SEC proposes regulations aimed at cracking down on ESG greenwashing
New federal rules released Wednesday could help ensure that investment funds labeled as environment, social and governance (ESG) actually deserve the name — and the high fees they command.
The Security and Exchange Commission (SEC) proposed a new regulation to combat the practice of “greenwashing,” the misleading marketing of unsustainable investments under the ESG label.
If adopted, the measure would require funds marketing themselves as ESG-focused to disclose additional information to investors.
Different categories of funds would be required to report varied information. Those that are focused on considering environmental factors would be required to share the climate contributions associated with their investments and those that claim to have certain impacts would need to summarize their progress.
“The lack of specific disclosure requirements tailored to ESG investing creates the risk that funds and advisers marketing such strategies may exaggerate their ESG practices or the extent to which their investment products or services take into account ESG factors,” it said.
A related rule, also introduced Wednesday, would require any fund that labeled itself as ESG-focused to put at least 80 percent of its money into such investments.
“ESG encompasses a wide variety of investments and strategies. I think investors should be able to drill down to see what’s under the hood of these strategies,” SEC Chair Gary Gensler said in the statement.
Large asset managers, who often struggle to identify which investments are truly green, applauded the measure.
“Brokers, advisors, and investors must have clarity,” CEO Chris Iacovella of the American Securities Association, which represents large asset managers, said in a statement.
So did civil society groups such as Public Citizen, which have long pushed for more regulation of sustainable finance.
“In the current marketplace, retail investors don’t have a clear picture of what it means to invest in a fund whose marketing says it’s ‘sustainable,’ ‘green,’ or ‘ESG,’” said Public Citizen democracy advocate Rachel Curley in a statement.
“The SEC’s new rules will help retirement savers understand what is in their portfolios and whether their investments will help them achieve their long-term financial and ethical goals,” Curley added.

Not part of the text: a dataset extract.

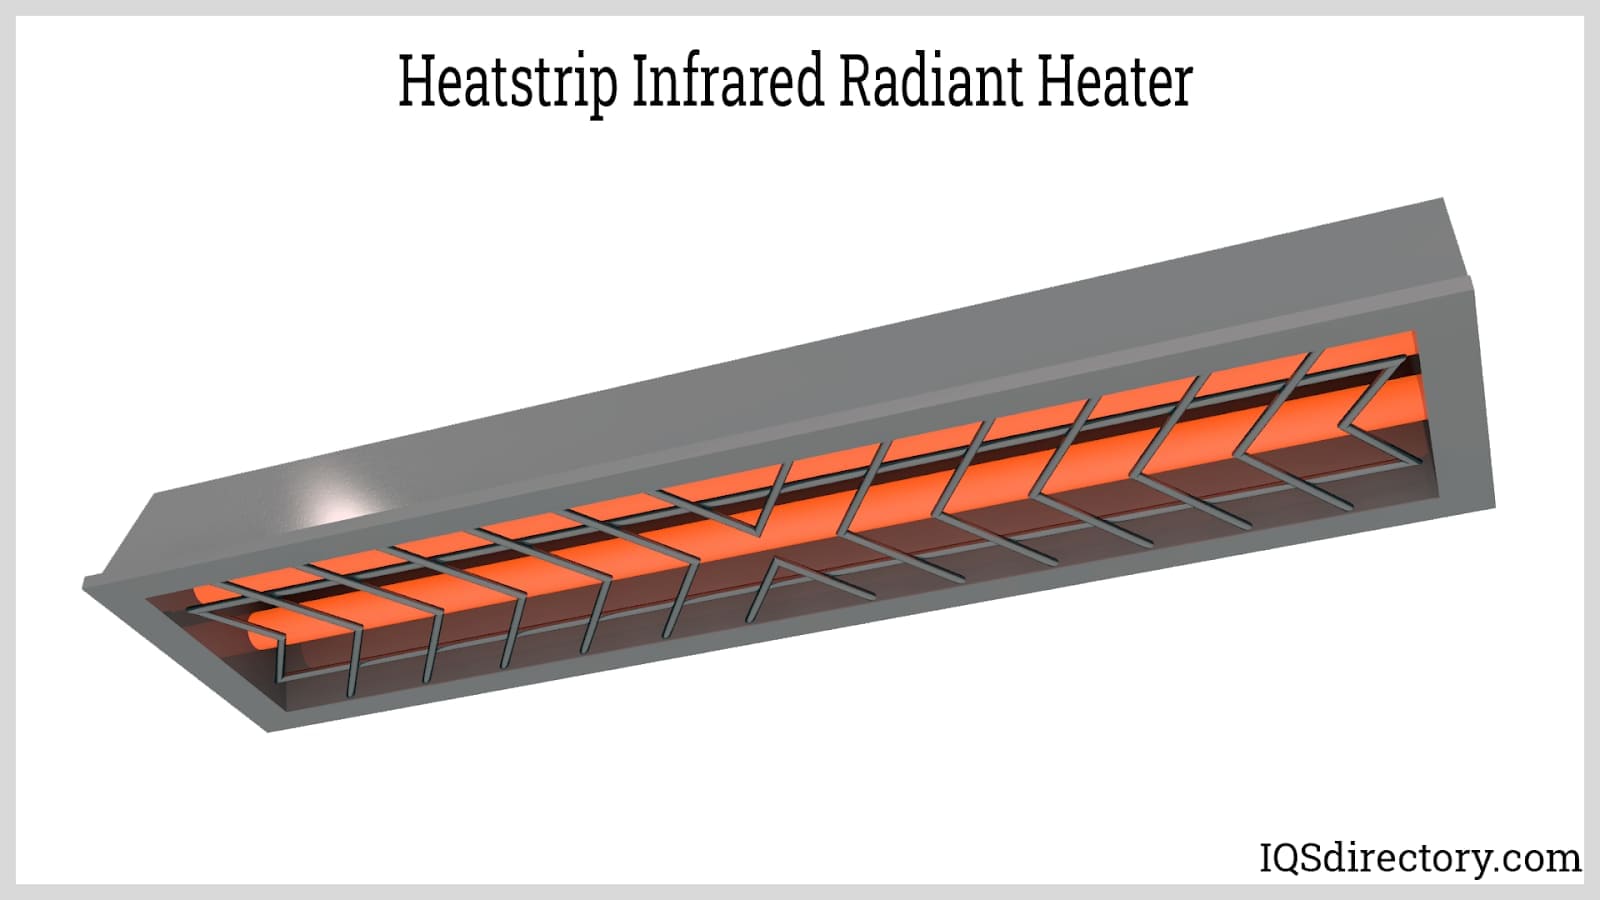 Electric Heaters: Types, Components, Benefits and Design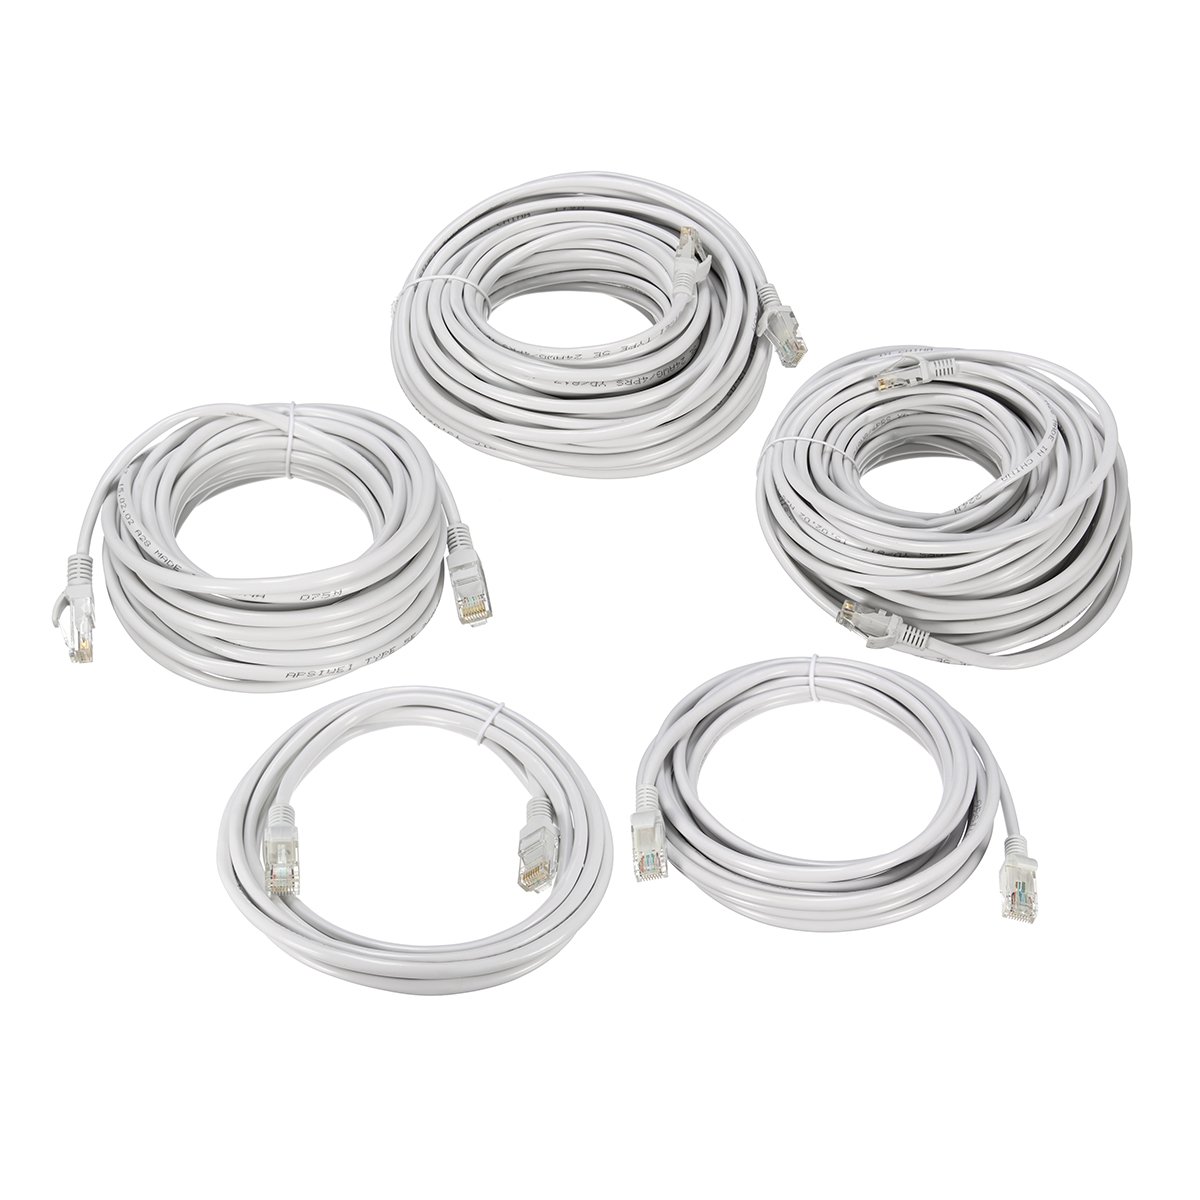 3/5/10/20m RJ45 Patch LAN Cord Ethernet Networking Cable 2

But brokers themselves were less pleased — as was the lone Republican voice on the SEC.
“The proposal for some funds to disclose emissions related to their holdings seems to be unworkable,” Eric Pan of the Investment Company Institute told The Wall Street Journal.
Hester Peirce, the commission’s sole conservative, pushed back as well, arguing that the rule is ambiguous and will be difficult to enforce.
For example, a fund adviser would have to provide different ESG-related factors “for each significant investment strategy or method of analysis,” Peirce said.
“Given the ambiguity and breadth of the proposed requirements, the planned one-year compliance date for funds and advisers to get their Es, Ss, and Gs in order is laughably short,” she added.
A great deal of money is at stake: Investment in funds marketed as sustainable was $2.77 trillion at the end of March — a slight dip from a late 2021 peak, but two and a half times the amount invested at the beginning of 2020, according to data from Morningstar.
It is often difficult, however, for investors — or regulators — to determine what “sustainable” means.
A January study by climate nonprofit As You Sow found two-thirds of ESG-advertised funds invested in unsustainable industries like fossil fuels.
The investigation found that formal SEC filings from the “greenwashing companies” were difficult to distinguish from more legitimate ones, according to a statement.
Telltale signs included a reliance on wiggle words such as “may consider,” “seek,” “believe,” “pursue,” “may” and “might,” As You Sow found.
The new proposals are just the latest action from the commission to require additional environment-related disclosures. In March, it separately proposed a rule that would require companies to disclose how their businesses may be affected by climate change and how much they contribute to it.